Удивительно, но Шилов назвал сына Иваном. То ли не хотел связываться с Ванькой, то ли Ванька имел какую-то власть над Шиловым и воспользовался ею, чтобы настоять на своем, хотя в Березовке и не понимали на чем тут настаивать: важно разве, как человека зовут? Куда важнее, что он из себя представляет.
В чем загадка шиловской податливости, объяснил березовцам дед Ознобин.
– Фрукт заграничный наш Иван, вот как лично я считаю. Ты понимаешь, какую условию поставил: «Или проваливай, Григорий Матвеевич, на все четыре стороны из моей избы, или называй сына Иваном».
– А Мария? – спросили деда. – Мария-то что, молчит? Или не имеет мнения?
– Имеет, – вздохнул дед Ознобин, – но ты стань на ее место: кого ей поддержать? Брата или Григория? Кто для нее роднее? На ее месте лучше молчать. Она и молчит, будто ее это не касается.
– Дела, дела, – качали головами березовцы. – Очень сложные дела.
– Я уж говорил с Ванькой по душам, – продолжал дед Ознобин. – Отозвал в сторонку и спрашиваю: «Иван, а кто тебе избу привел в порядок, не скажешь? А кто сад-огород засадил и выходил, не помнишь?» Ну а он, скаженный, как взовьется, как заорет: «Я и тебя выгоню отсель, если мешаться будешь! Я не погляжу, что старик, по морде съезжу!» Вот такие пироги.
– Не вкусные, не вкусные пироги, – снова качали головами березовцы.

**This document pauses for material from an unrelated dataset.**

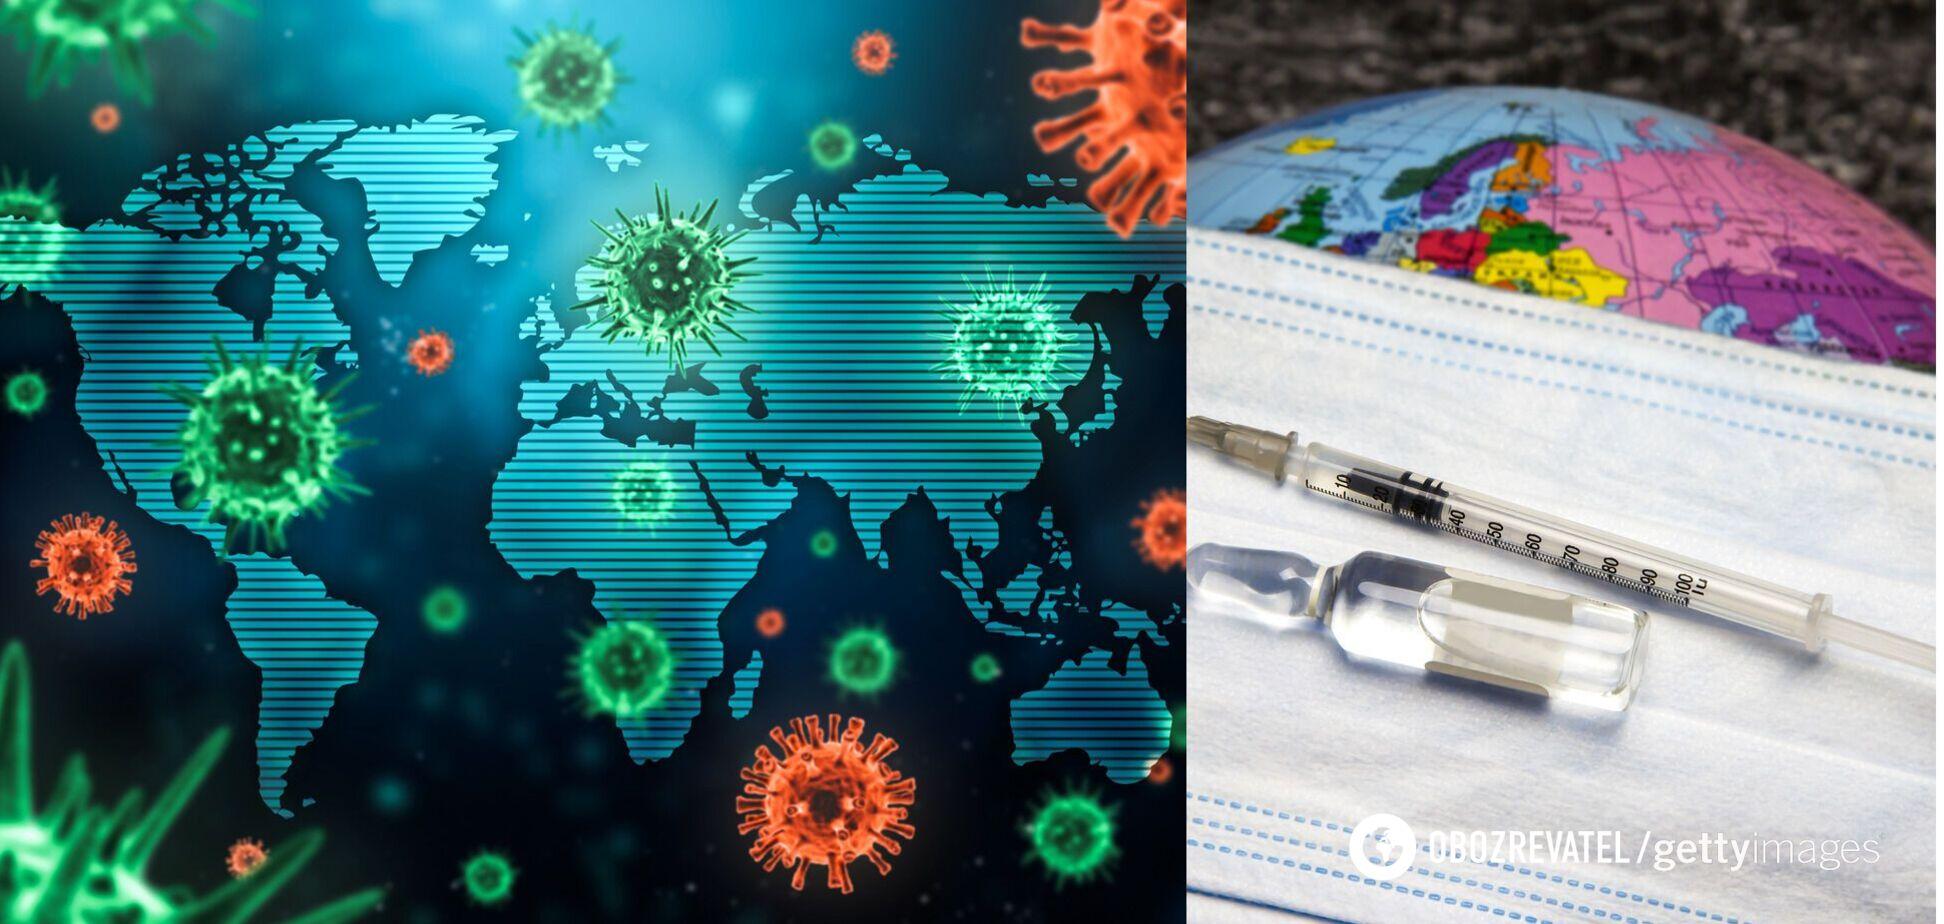 В ВОЗ спрогнозировали появление устойчивых к вакцинам штаммов COVID-19

С рождением сына Мария переменилась до неузнаваемости. Была она раньше худой и вечно печальной, теперь же часто смеялась, раздалась в теле, ее набухшие молоком груди распирали кофточку, походка стала легкой и гордой. Мария словно бы не шла по земле, а летела над ней сантиметрах в трех, только изредка прикасаясь подошвами к земле, чтобы оттолкнуться и лететь дальше. Она и с людьми говорить стала чаще – прежде, стыдясь своей невезучей судьбы, она торопливо прошмыгивала по улицам, спрятав глаза в карман, теперь же по полчаса могла стоять с кем-нибудь из баб и обсуждать свои, бабские, дела, и взгляд ее был спокоен, а по губам блуждала уверенная улыбка.
– Кто осчастливил хоть одного человека, пусть безбоязненно идет к богу на суд, – сказал дед Ознобин, вернувшийся с наступлением лета в свою избу. – Ему все грехи простятся. Григорий Матвеевич спокойно может спать – он Марию сделал счастливой.

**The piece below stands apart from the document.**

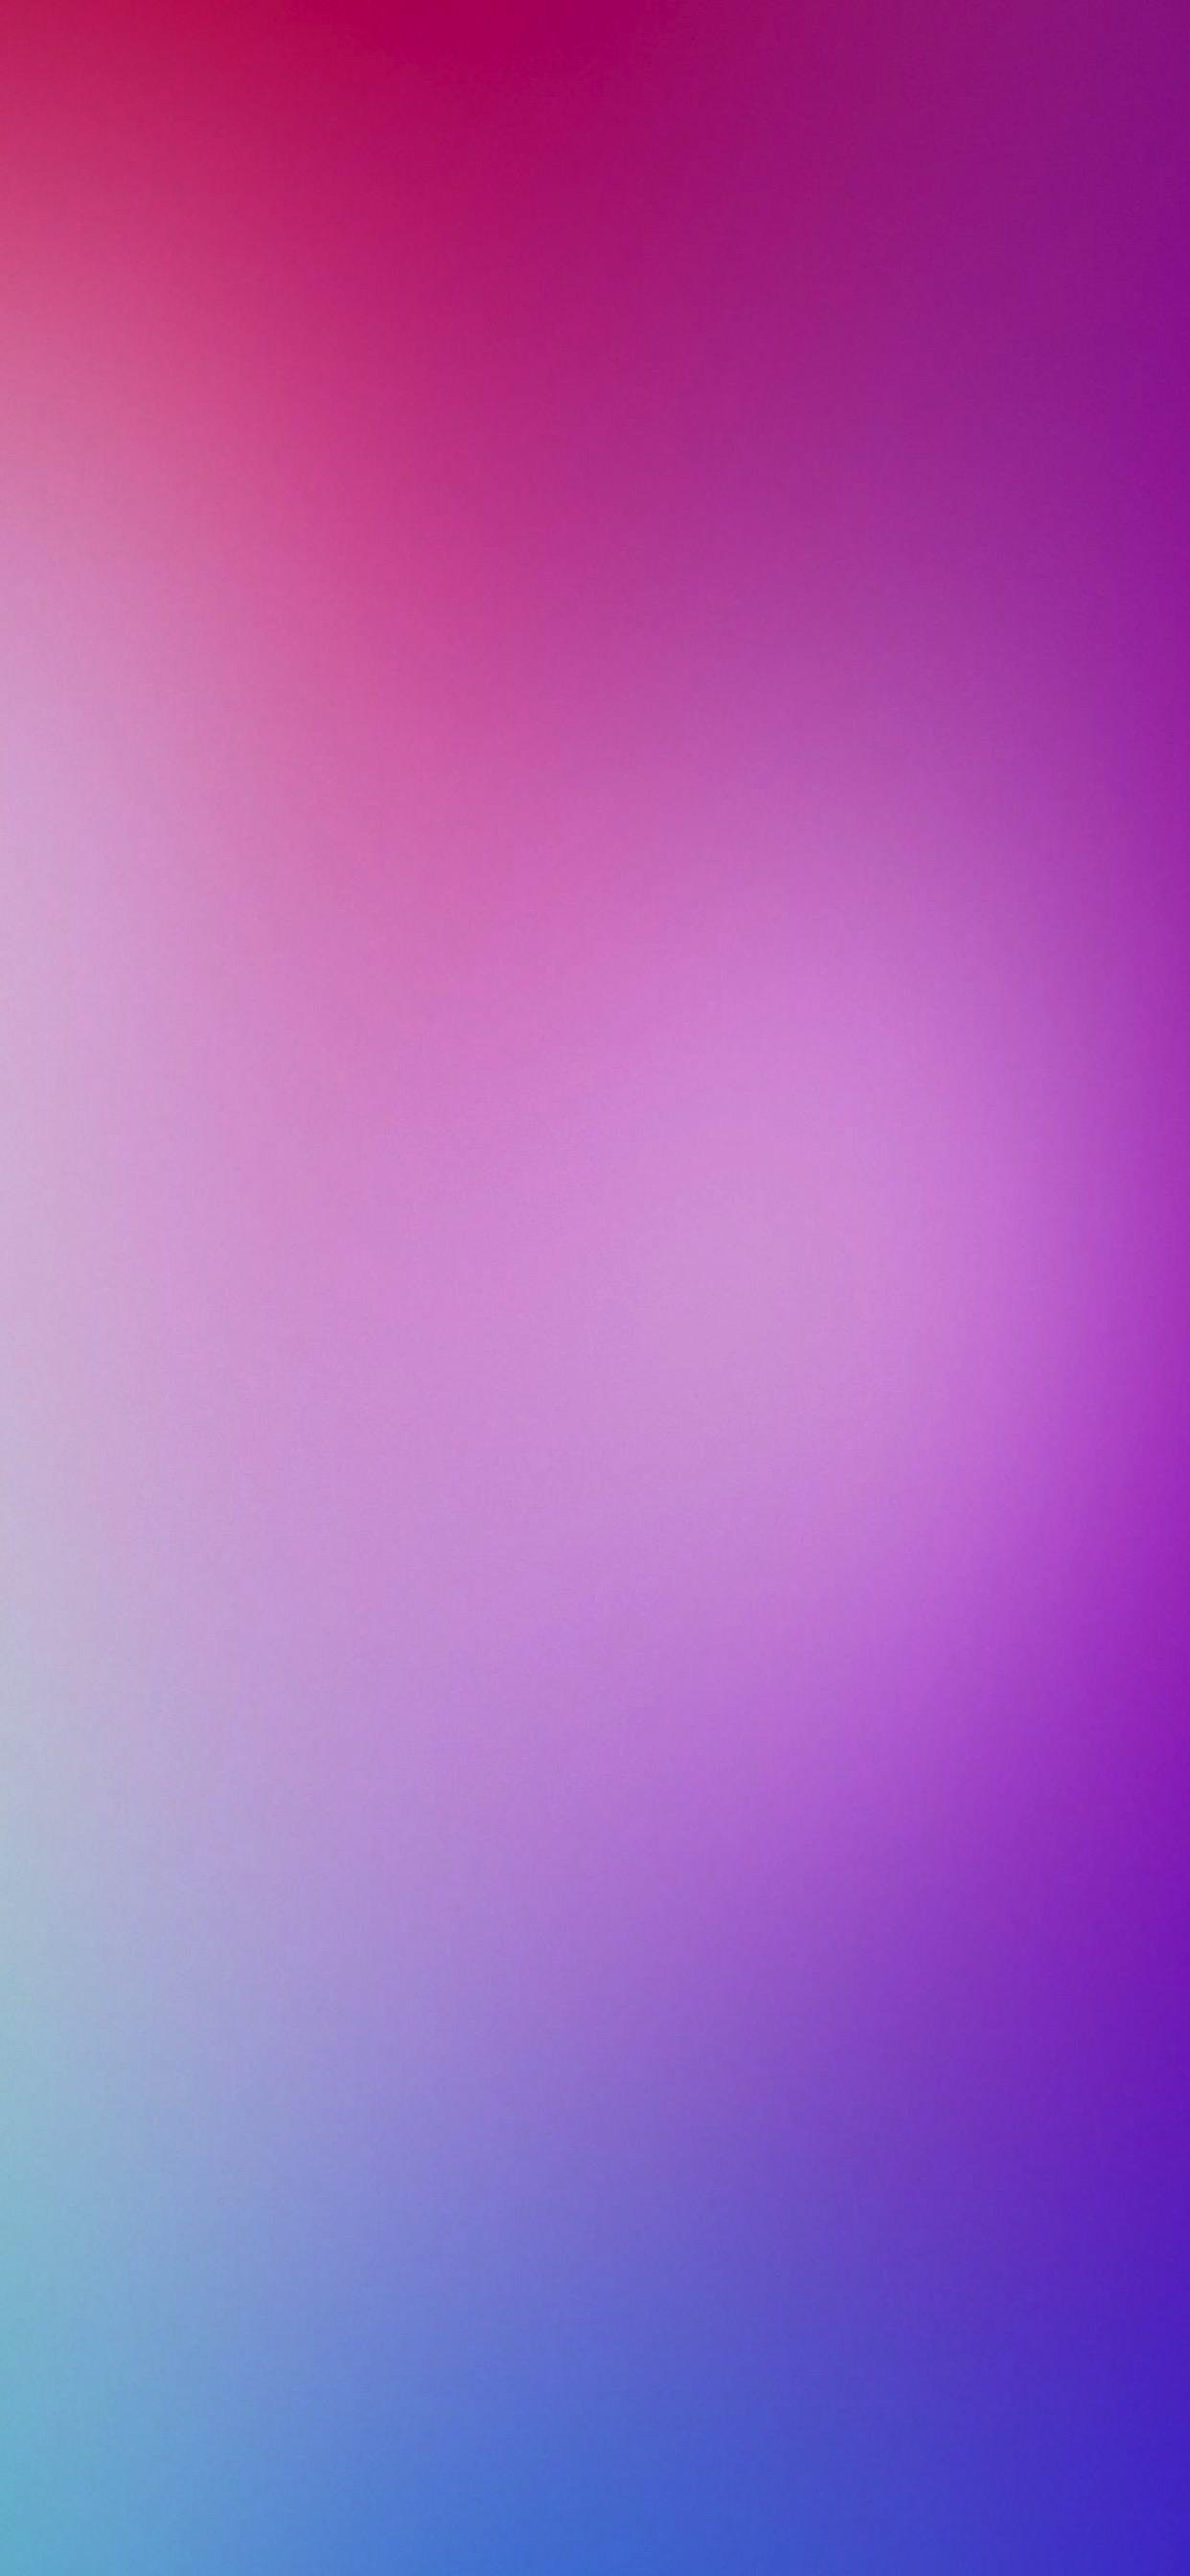 Unduh 51+ Wallpaper Lucu Warna Ungu Gambar Gratis Terbaik

Подходил к концу второй год жизни Шилова в Березовке, и ничего, по сути дела, не изменилось здесь от того, что появился однажды в конце ноября невысокий, худой, остролицый, улыбчивый мужчина. Как и до него, восходы и закаты расцветали, цвели миллионом красок, отцветали и осыпались за зубчатый лес, в болота. Ночи пахли еловой хвоей, сеном, любовью, мычаньем коров, отрывистым лаем собак. Дни приносили с собой радости, слезы, тревоги, надежды, мечты. Дни и ночи свивались в одну (очень-очень длинную) ленту, в которой чередовались белизна зимы, желтизна осени, зелень лета, голубизна весны и чернота ночей, одинаковая во все времена года. Лента вилась, вилась, вилась, и конца-края ей не было, и не хотелось, чтобы когда-нибудь она кончилась: пусть вьется, вьется, вьется; пусть бесконечно чередуются в ней белые, желтые, зеленые, синие и черные краски.
Ивана Егоровича Воронина пригласили работать в райцентр, инструктором исполкома. Вместо Анастасия Петровича в Березовке появился новый председатель – тоже бывший военный, но молодой и резвый, без протезов, которые мешали Коржикову поспевать всюду. Ванька Зайцев окончательно перебрался к Капке Зуде. Дед Ознобин стал еще больше сед и разговорчив – приближающаяся смерть, казалось, не пугала деда ни капли, его куда больше интересовало происходящее вокруг, он считал своим первейшим долгом обо всем сказать, всему дать оценку.
О переменах в судьбе Воронова Ознобин говорил:
– Вы подождите, подождите, граждане хорошие, наш Иван Егорович до министра дорастет. Ей-богу! Ему на роду так написано: руководить. Я ить помню комбеды как организовывались. Вот было дело! С ног на голову все поставили. И всем заправлял он, Иван Егорович. Соберет нас и давай речь шпарить. Здорово у него получалось, складно, хотя нигде говорить не учился. Это у него в крови. Он таким родился – руководящим. Я думаю, и сидеть ему пришлось потому, что кто-то позавидовал Ивану Егоровичу: выше должность займет наш Воронов, чем он, тот черный человечек. Но сейчас – баста! Будет Иван Егорович министром. На поллитра могу поспорить.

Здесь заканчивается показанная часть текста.